A multiple regression analysis was carried out to ascertain whether DAT predicted any psychopathological behaviors. The results failed to find any significant finding to show if DAT or any of the alleles predicted the psychopathological variables.

  Discussion Top

The DAT gene has been proposed to play a significant role in behavioral and affective regulation.[16] Many child and adolescent psychiatric disorders have been reported in the literature to have a positive association with the DAT gene. This has been reported for attention-deficit disorder, oppositional defiant disorder, and autism spectrum disorders.[10],[11],[17] These are all disorders where impulsivity, aggression, and social withdrawal may be seen.

The present study is unique because it assesses the association between DAT genotype, its alleles, and DAT methylation in correlation to IA and behavioral impulsivity along with other psychopathological variables such as rule-breaking behavior, aggressive behavior, withdrawn behavior, somatic complaints, anxiety-depression, thought problems, attention problems, and intrusion among youths (males and females, median age = 23 years) in the 10/10 genotype group. Positive correlations were found between two methylation loci, i.e., met5 and met7, and DAT. None of the methylation loci studied or DAT correlated with any of the scores on the various scales (IAT and BIS) and psychopathological variables (as mentioned above) indicating no direct association (/positive correlation). The study is a small one and has only 32 youths with 10/10 genotype and hence may be inconclusive. A larger number of participants may have helped yield some positive results. However, the nature of the financial involvement needed in the study restricted the number of samples recruited. A minimum requirement of 30 samples was maintained, and keeping in mind that the prevalence of psychopathology as a result of DAT methylation in the 10/10 genotype group is yet in its initial explorations, a standard sample remains to be decided. Nevertheless, it is presently safe to consider that the greater size of sample will be more conducive to optimize the aforementioned associations with psychopathology. Rule-breaking behavior and withdrawn behavior correlated with IAT scores. It is well known that youths with IA may show a lack of regard for rules and oppositional behavior[18] as well as the IA may be a cause for social withdrawal and withdrawn behavior.[19] The same associations were noted for behavioral impulsivity scores and rule-breaking behavior, withdrawn behavior, and intrusiveness. Impulsivity has been linked to intrusiveness in some studies in the past.[20] In the present sample, the aggressiveness scores of the youth were linked to anxiety-depression and thought problems. Aggressive behavior may be a symptom on its own and may also be the manifestation of various thought disorders or a symptom of depression.[21] It is important that a positive correlation merely entails that the scores are related and does not mean a cause-and-effect relationship.

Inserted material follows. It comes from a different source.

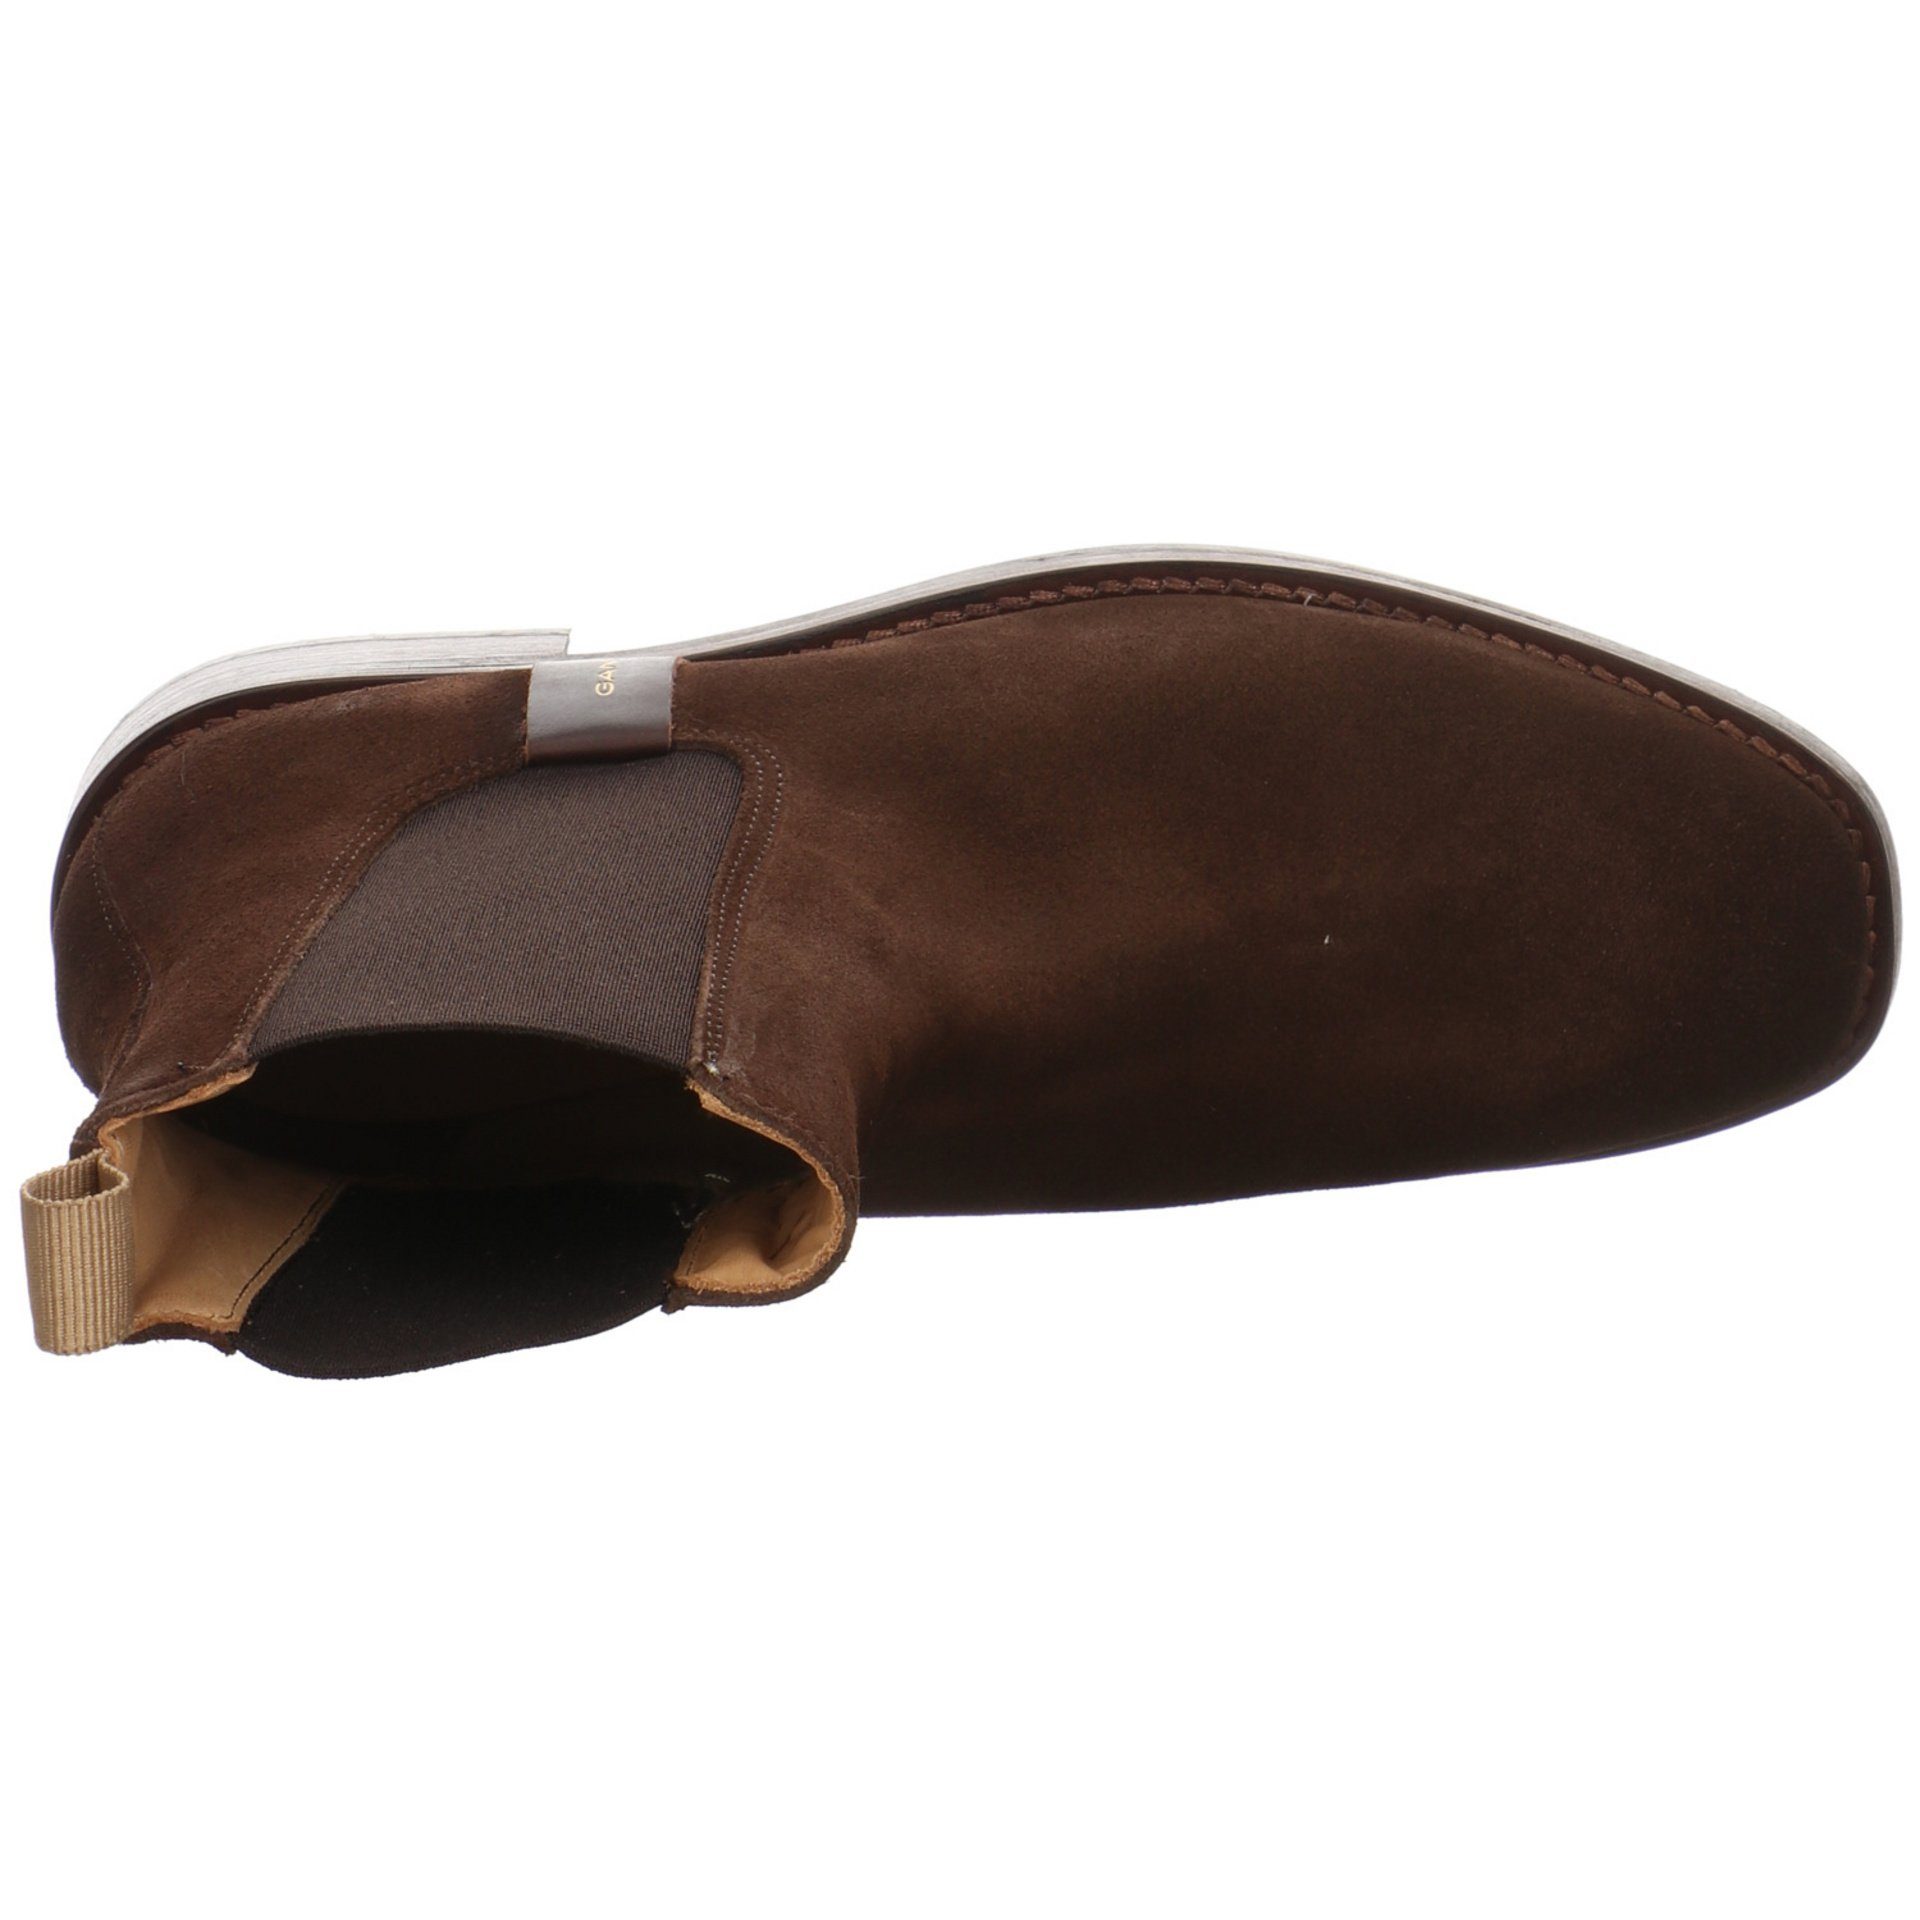 Chelsea dark Leder-/Textilkombination Gant Damen Schuhe Stiefelette Stiefeletten brown FAYY Boots

Multiple regression analysis yielded no positive associations between any of the variables. This indicates that none of the variables or scores on the scales were affected by DAT1 alleles or methylation. Studies on the DAT1 genotype have yielded mixed findings in the past[9],[22],[23] and larger studies are needed to ascertain findings that may be clinically useful. This is one of the first studies that have looked at the effects of DAT1 genotype and methylation loci on IA, behavioral impulsivity, and externalizing behaviors in relation to these two variables.

  Conclusions Top

The present study delineates that there is a positive association between met5 and met7 with DAT which was found among youths (n = 32) with 10/10 genotype. Contrasting to the sparsely reported earlier literature, there was no positive correlation found between any psychopathological variables as well as IAT and BIS scores with DAT and its alleles in the 10/10 genotype group which has earlier demonstrated to have a potential link in children aged 0–5 years as well as school-aged children and adolescents.[9] The study has various limitations. It is a small circumscribed study which is cross sectional. Longitudinal studies are needed to determine causal interactions if any. The interplay of genes, environmental factors, and epigenetics is complex in child and adolescent psychiatry. Further studies in varied samples focusing on specific disorders and specific variables with various DAT1 methylation variables are needed to formulate succinct causal correlations and apply these findings clinically.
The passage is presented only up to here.